Андрей в лихорадочном возбуждении подскочил к вставшему из кресла Манштейну и схватил его за мундир. Лицо генерала, по мере монолога фюрера, вначале побледнело, а теперь побагровело. Он начал хрипло дышать, сам задыхаясь гневом.

— Но мы вовремя раздавили гадину, что подтолкнула рейх на край пропасти. Мы их опередили, Эрих!

— Так точно, мой фюрер! Я и не предполагал, что эти мерзавцы за нашими спинами творят столь грязные дела. Надеюсь, что они получат сполна за свои злодеяния!

Генерал говорил четко, будто диктовал приказ, — короткая записка, переданная рейхсканцлеру начальником гестапо Мюллером, произвела на него самое серьезнейшее впечатление. Было отчетливо видно, что Манштейна колотит от сдерживаемого бешенства.

— И что нам делать дальше, мой фюрер?

— Только одно, мой милый Эрих, — готовиться к затяжной войне с англо-американцами. Это потребует от нас усилий, так же как и наших союзников. Теперь договориться с последними станет намного легче, ведь сейчас нам не препятствует безрассудная политика вчерашних лавочников и мясников, почувствовавших себя вершителями судьбы Германии…

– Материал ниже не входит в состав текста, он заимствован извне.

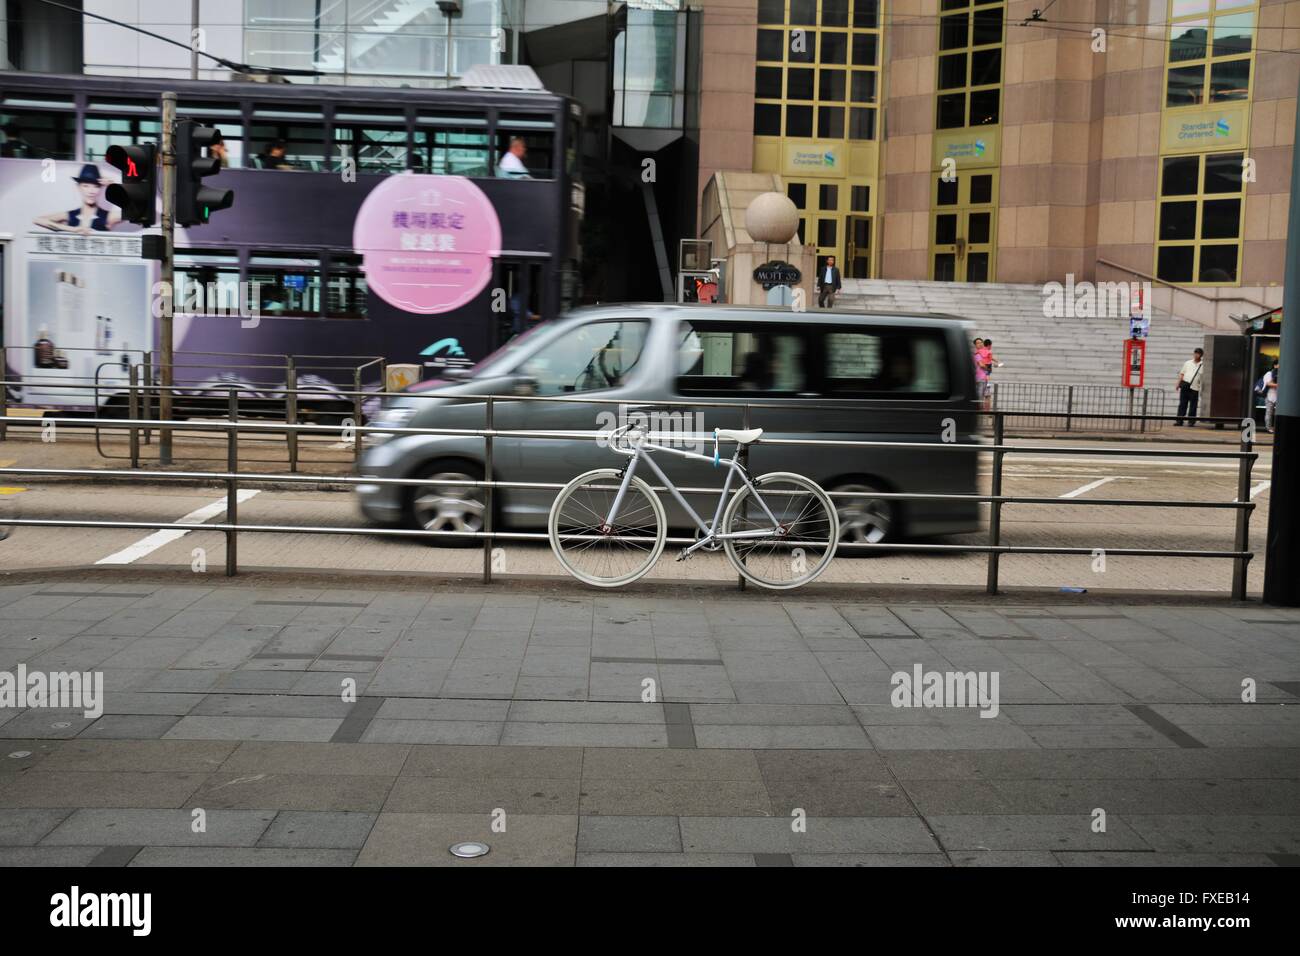 Parcheggio biciclette Bianchi e un bus in movimento in background. Foto Stock

Речь лилась плавно, но в то же время Андрей чувствовал, что теперь для него все станет намного сложнее. Ведь, избавившись от маргиналов в руководстве страной, он сам в глазах определенной части генералитета выглядит не лучше этих нацистов. А потому во многие головы уже сейчас пришла мысль — а не пнуть ли нам самого фюрера пинком под зад?

Не могла не прийти!

А это скверно, очень скверно. Но куда деваться — раз вино откупорено, то его нужно пить!

Мюнстер

Обер-лейтенант Готфрид Леске пребывал в скверном расположении духа. Его два дня назад выписали из госпиталя, и теперь он прибыл сюда, на знакомый до боли аэродром, с которого поднимал свой тяжелый «Хейнкель-111» в первые дни Французской кампании.

Как давно это было!

Пилот чувствовал себя плохо, хотя от ранения и ожогов он полностью оправился. Но его мутило, когда подлая память начинала разворачивать перед ним вполне осязаемые картинки падающего вниз бомбардировщика, а руки словно снова лизали длинные языки пламени, и Готфрид в панике начинал трясти кистями.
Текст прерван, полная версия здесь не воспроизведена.